Increased awareness has boosted the number of listings pouring into Batilo’s submission-based site. 9News first covered the job posting practice in late May, speaking to Batilo. He was also featured in a Wall Street Journal story last week. At the time his site featured listings from 46 companies.

“These companies are already aware of their salary range. They already have a budget. I would prefer that they would share that,” Batilo said.

The Equal Pay for Equal Work Act does outline penalties for companies that don’t share salary ranges or violate the law in other ways, such as by not notifying all of their employees about internal job openings.

The Colorado Department of Labor and Employment has a complaint form that can be accessed online. Companies found to be in violation can be fined $500 to $10,000 per offense.

The labor department has one active investigation into a company accused of excluding Coloradans from remote job openings, said Scott Moss, the director of the labor department’s division of labor standards and statistics. A decision is expected to be issued in that case shortly.

The department has fielded dozens of additional complaints but none of those have risen to the level of a full investigation yet. With a relatively new law, the department’s approach is to focus on educating employers first before resorting to fines. An employer-focused fact sheet is available at

“Where we have found a violation, we give the employer a period to bring the posting into compliance and if they do we waive the fine,” Moss said. “We have a 100% success rate when finding a violation of the company promptly fixing it.”

Moss emphasizes that despite the media attention, the labor department’s internal research shows that remote work ads barring Colorado applicants are relatively rare. After tracking a random sample of 203 job posts on Indeed, covering both companies based in Colorado and those headquartered outside the state, the department found just one using language barring Colorado applicants.

Moss said that among the 50 largest employers in the state, compliance has been impressive and improved every month so far in 2021.

The labor department’s powers have limits. Companies with no physical presence in Colorado — meaning no employees currently working in the state — aren’t subject to the law, Moss said. With that in mind, listings that bar Colorado applicants are “puzzling and self-defeating,” Moss said.

“They are just undercutting their own talent base to their own detriment by excluding a high-skill labor force state,” he said.

For Oisin Hanrahan, CEO of Denver-based home services marketplace company Angi, combating the gender pay gap has been and remains an important goal. The idea of writing job posting to specifically exclude Colorado workers in an effort to obscure pay data is something he said his company would never do. Angi has roughly 4,500 employees across the country, including 1,600 in Colorado. The company is giving many of its employees the option to work remotely even after it reopens offices.

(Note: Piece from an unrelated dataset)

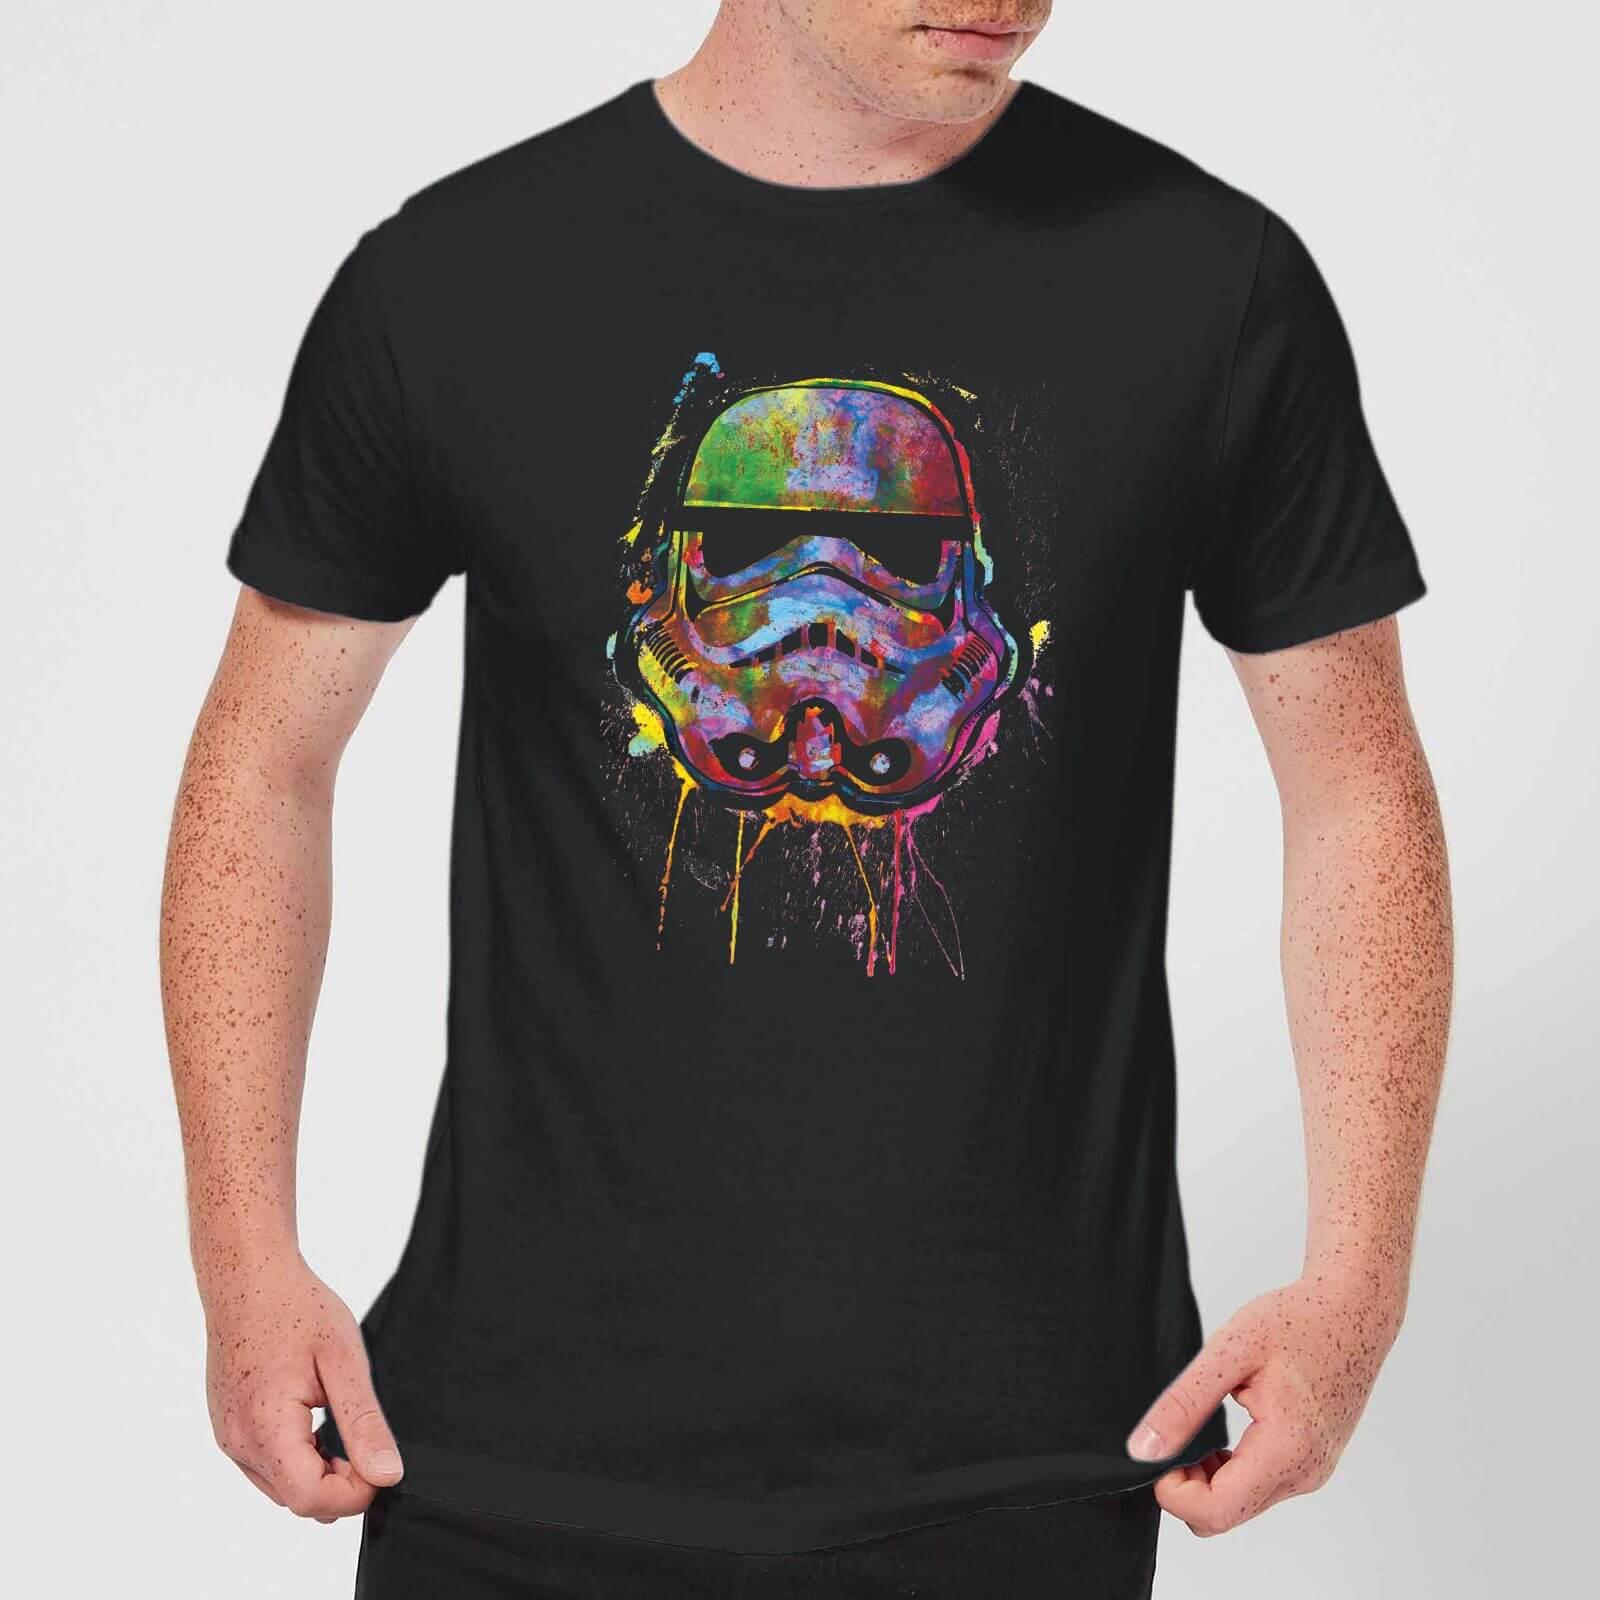 20% de descuento en Camisetas frikis

“I think that it’s unfortunate that this measure has essentially got some pretty poor unintended consequences, and I think it’s a poor workaround by companies that are deciding that’s the approach they want to take,” Hanrahan said. “I think the more we can do to shine a light on areas where we have a problem, the more likely it is that we’ll fix that.”

The Equal Pay for Equal Work Act has already overcome a legal challenge from the Rocky Mountain Association of Recruiters, Danielson noted. She maintains that the law does not constitute an undue burden on employers, and, in fact, she has heard from companies that say that listing salary ranges is helping them attract better-qualified candidates.

“The public was demanding and still is demanding that the legislature in Colorado do everything possible to stop discriminatory practices that lead to gender gaps in pay,” she said. “I’m open to ideas on working with the (labor) department) on more options for enforcement.”